I stole a book from my classroom library when I was in the fifth grade. It was a green book with a cloth covering. The title I no longer remember. I knew I shouldn’t take the book, that it was wrong, and if mother and daddy found out, I would be in deep trouble.
To make the book officially mine, or seem like mine, I wrote inside the front cover, “This book belongs to Glenda Williams,” so it could be easily seen. The problem was, I was the one who kept seeing that declaration, and every time I saw it, I knew it wasn’t true. Writing that the book belonged to me inside the green book didn’t make it mine.
Years and years went by and every time I saw the book I knew I had stolen it, and it wasn’t mine. I wished many times I had not written my declaration inside the book. Then I could return it to the library shelves at the back of the fifth grade classroom just as quietly as I took it. I never returned the book. The school dissolved and finally the building burned, and I still had the book. The memory of what I did still haunts me today.
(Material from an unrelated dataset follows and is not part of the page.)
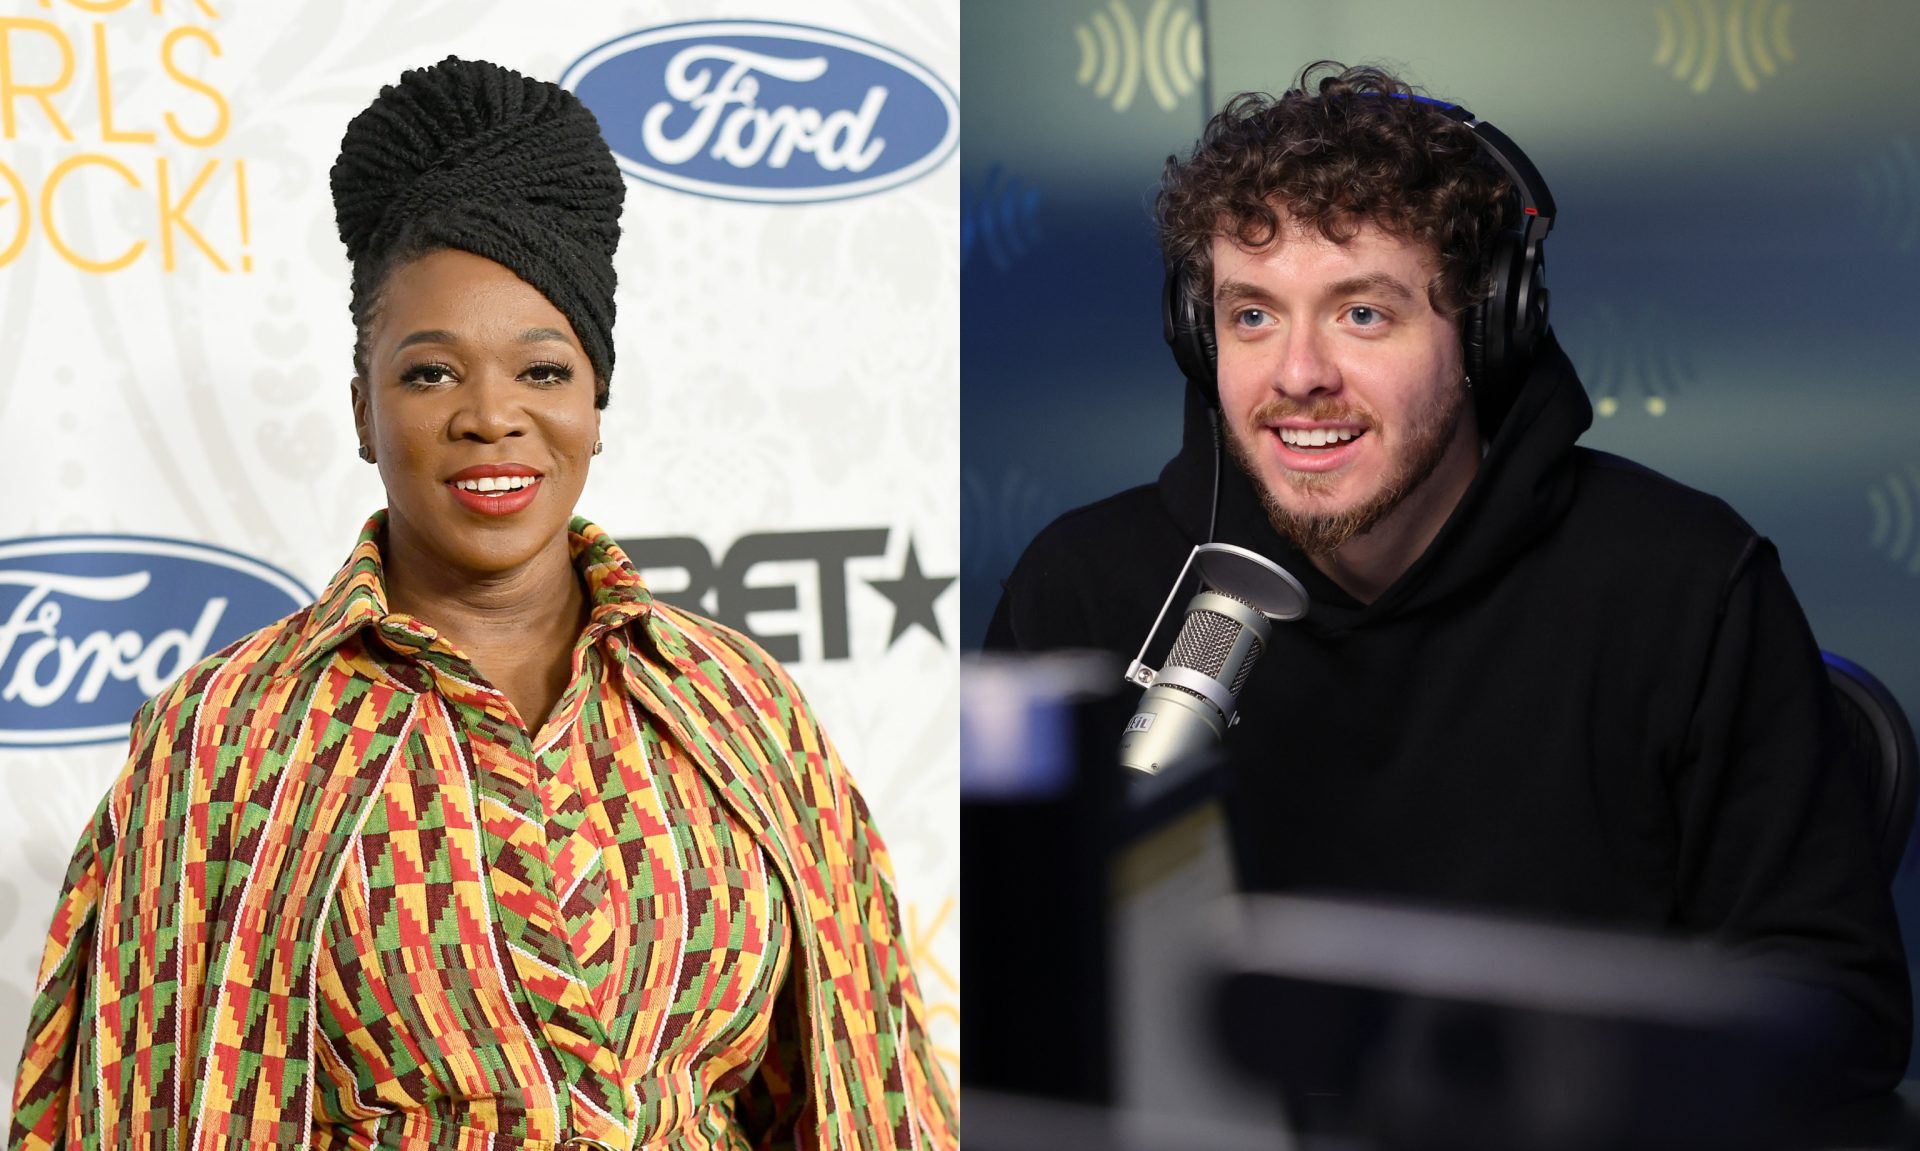 India Arie and Jack Harlow

I don’t know where the little green book is, but wherever it is someone can read the declaration and think it belongs to me.
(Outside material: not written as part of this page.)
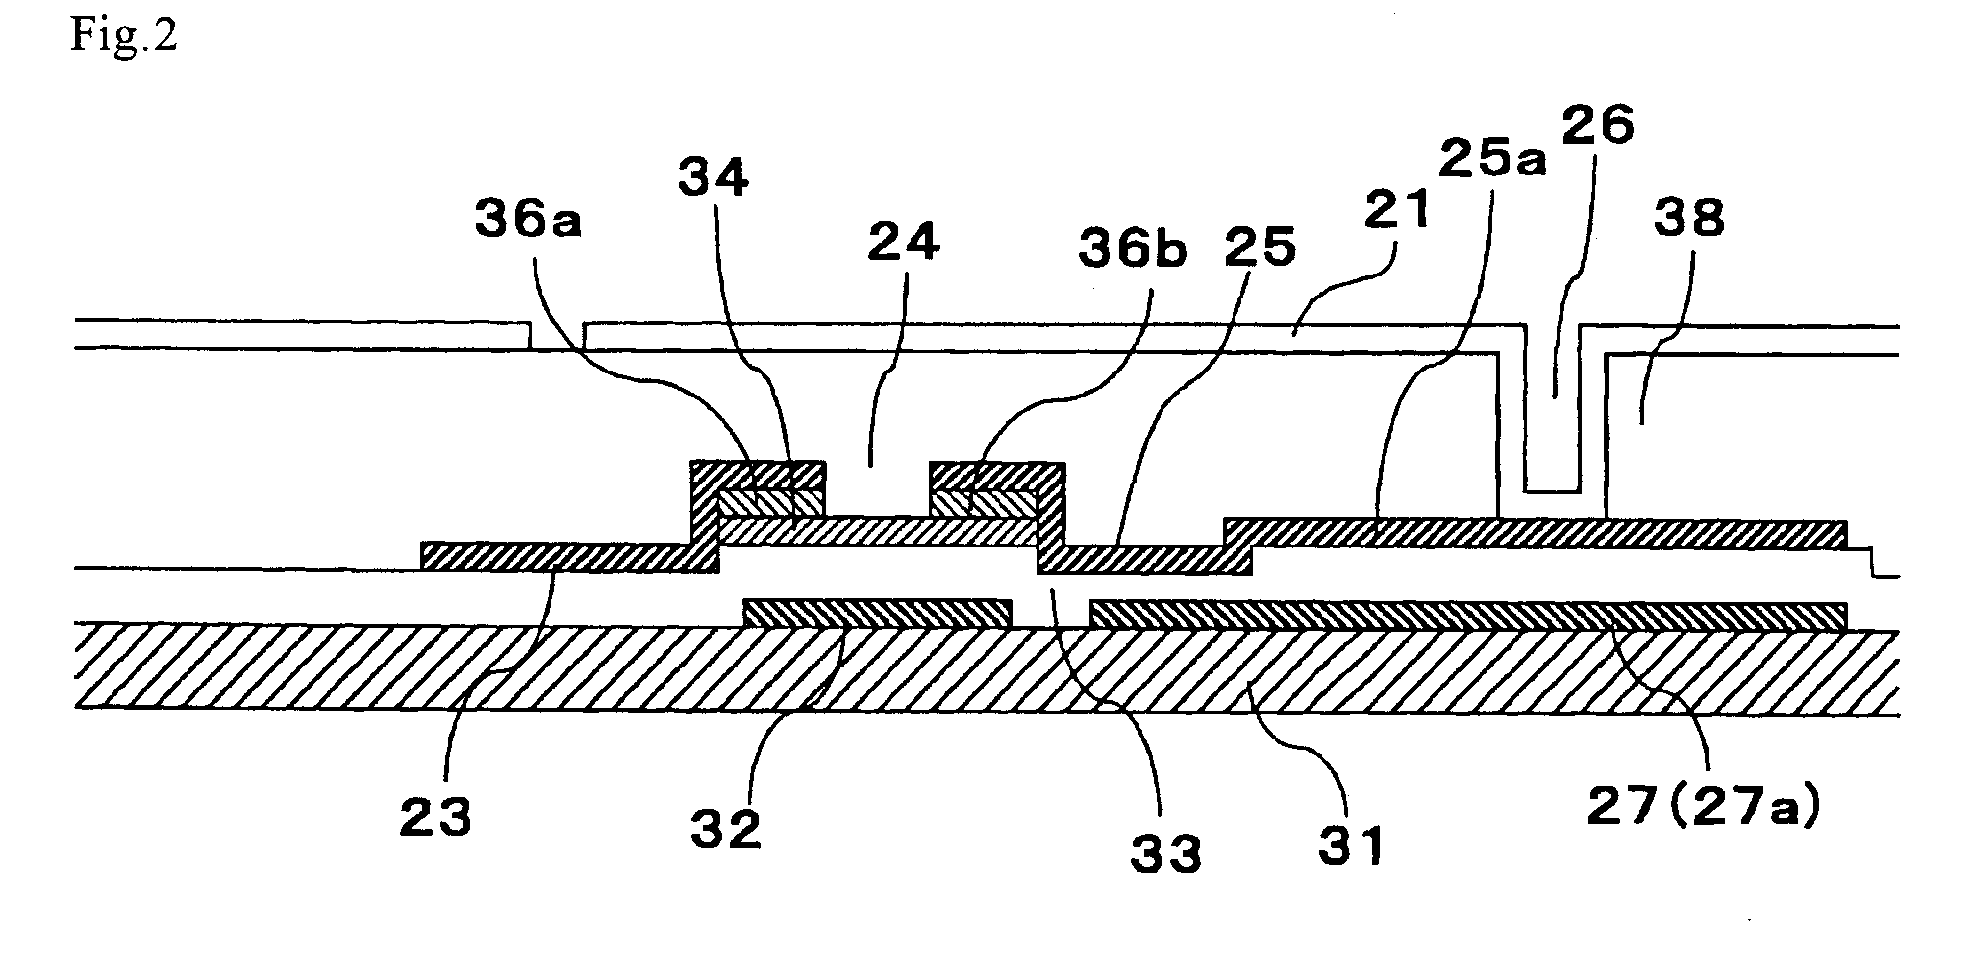 Active matrix substrate where a portion of the storage capacitor wiring or the scanning signal line overlaps with the drain lead-out wiring connected to the drain electrode of a thin film transistor and display device having such an active matrix substrate

Sometimes it is hard to forgive ourselves for things we have done wrong, but God doesn’t take long to forgive the penitent child of His who earnestly asks for forgiveness. And even though at the age of 19 years when I was baptized into Christ for the forgiveness of my sins, I wasn’t remembering the little green book I had stolen. God knew. He forgave all my past sins as I repented, confessed my belief in Him, and He washed away all my sins in the precious blood of Jesus when I was baptized. Clean and forgiven was I, a new creature in Christ.
A child, a little green book, a declaration, a memory that continues to live on possibly forever. God has forgiven and forgotten. I should do the same.